Nod is Up and Sentinel changed it to the Slave-mode.

Also saw another issue when Redis Sentinel recofigured Redis node in such a way when it became Slave of itself:

14542:S 04 Apr 13:25:35.187 * SLAVE OF 127.0.0.1:6389 enabled (user request from ‘id=15 addr=10.0.2.104:40087 fd=5 name=sentinel-dc0483ad-cmd age=60 idle=0 flags=x db=0 sub=0 psub=0 multi=3 qbuf=0 qbuf-free=32768 obl=36 oll=0 omem=0 event
s=r cmd=exec’)
14542:S 04 Apr 13:25:35.187 # CONFIG REWRITE executed with success.

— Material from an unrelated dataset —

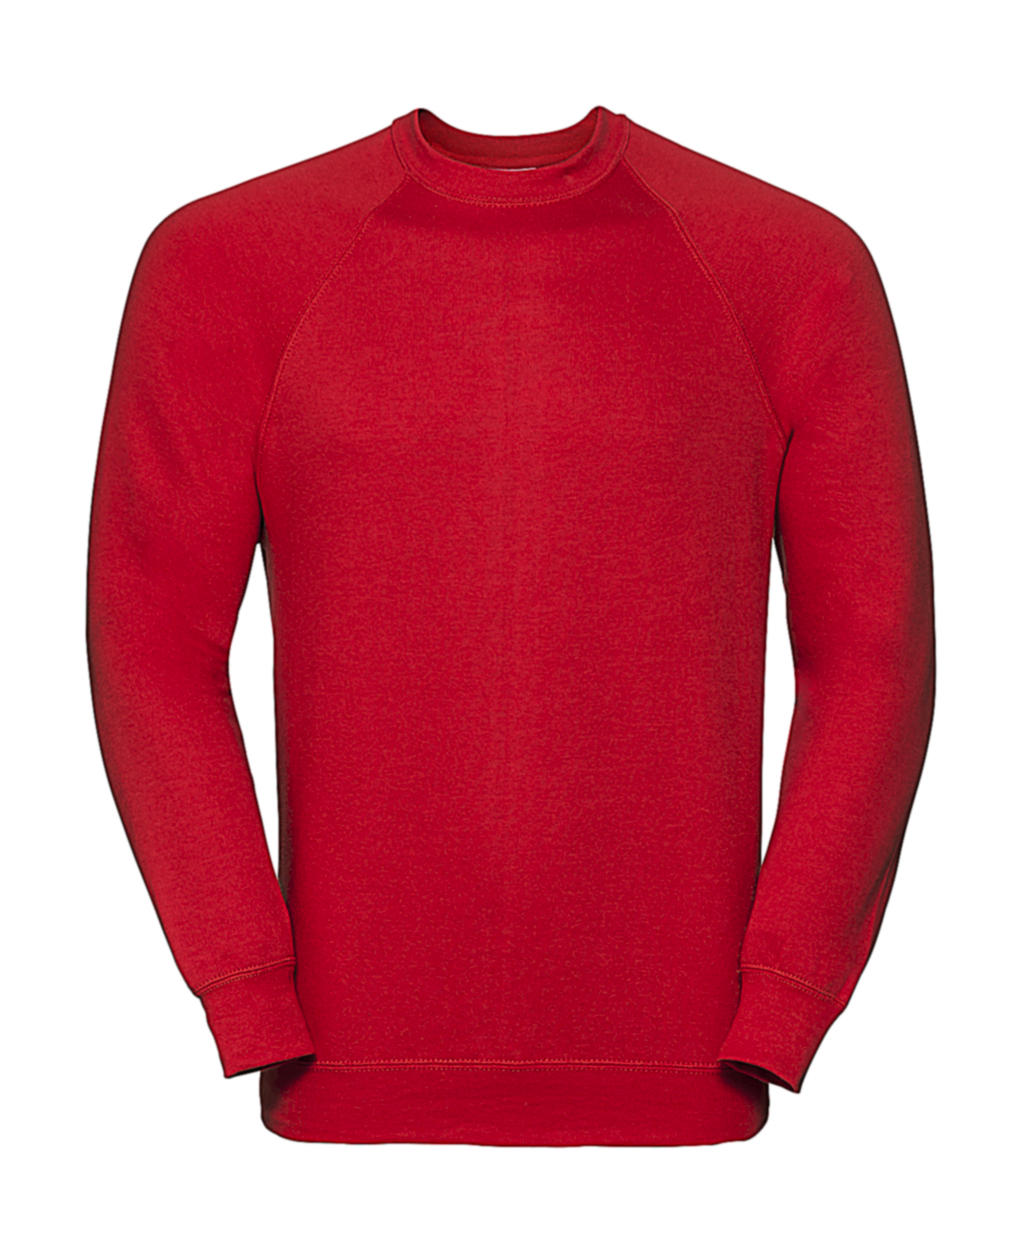  Classic Raglan Sweatshirt in Farbe Bright Red

14542:S 04 Apr 13:25:36.059 * Connecting to MASTER 127.0.0.1:6389
14542:S 04 Apr 13:25:36.060 * MASTER <-> SLAVE sync started
14542:S 04 Apr 13:25:36.060 * Non blocking connect for SYNC fired the event.

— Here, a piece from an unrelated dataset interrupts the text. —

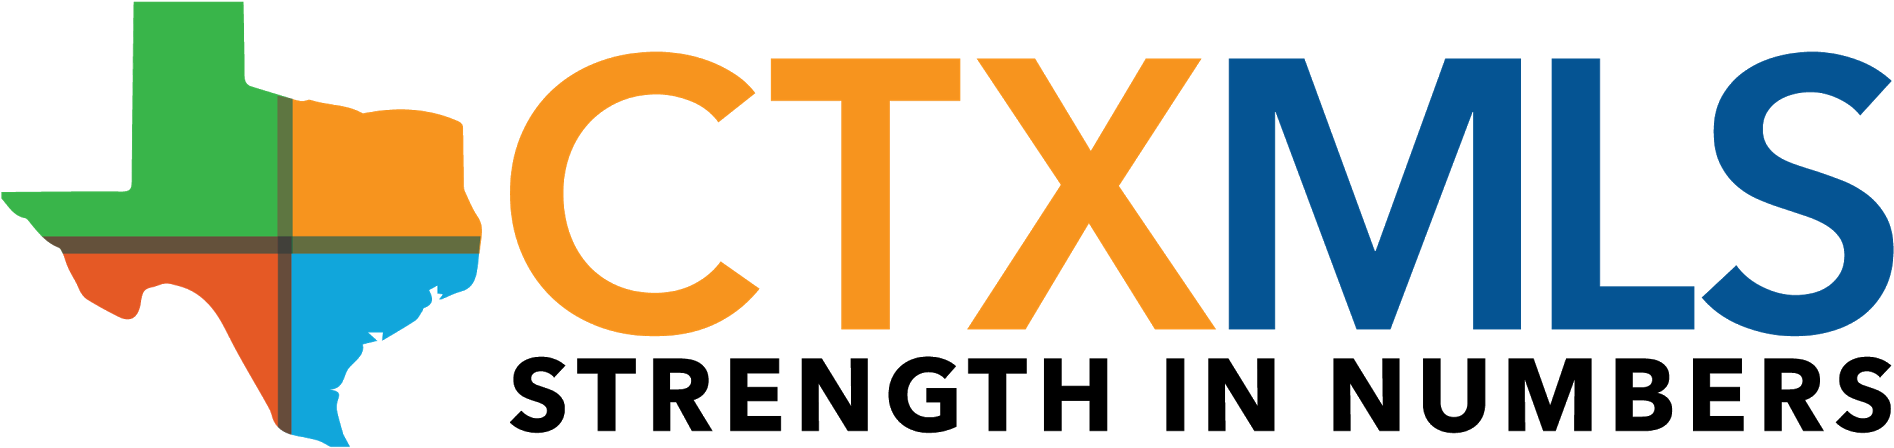 Ctxmls - Internet Data Exchange (1905x558)

14542:S 04 Apr 13:25:36.060 * Master replied to PING, replication can continue…
14542:S 04 Apr 13:25:36.060 * Partial resynchronization not possible (no cached master)
14542:S 04 Apr 13:25:36.060 * Master does not support PSYNC or is in error state (reply: -ERR Can’t SYNC while not connected with my master)

Unfrotunatelly – could’t reproduce it.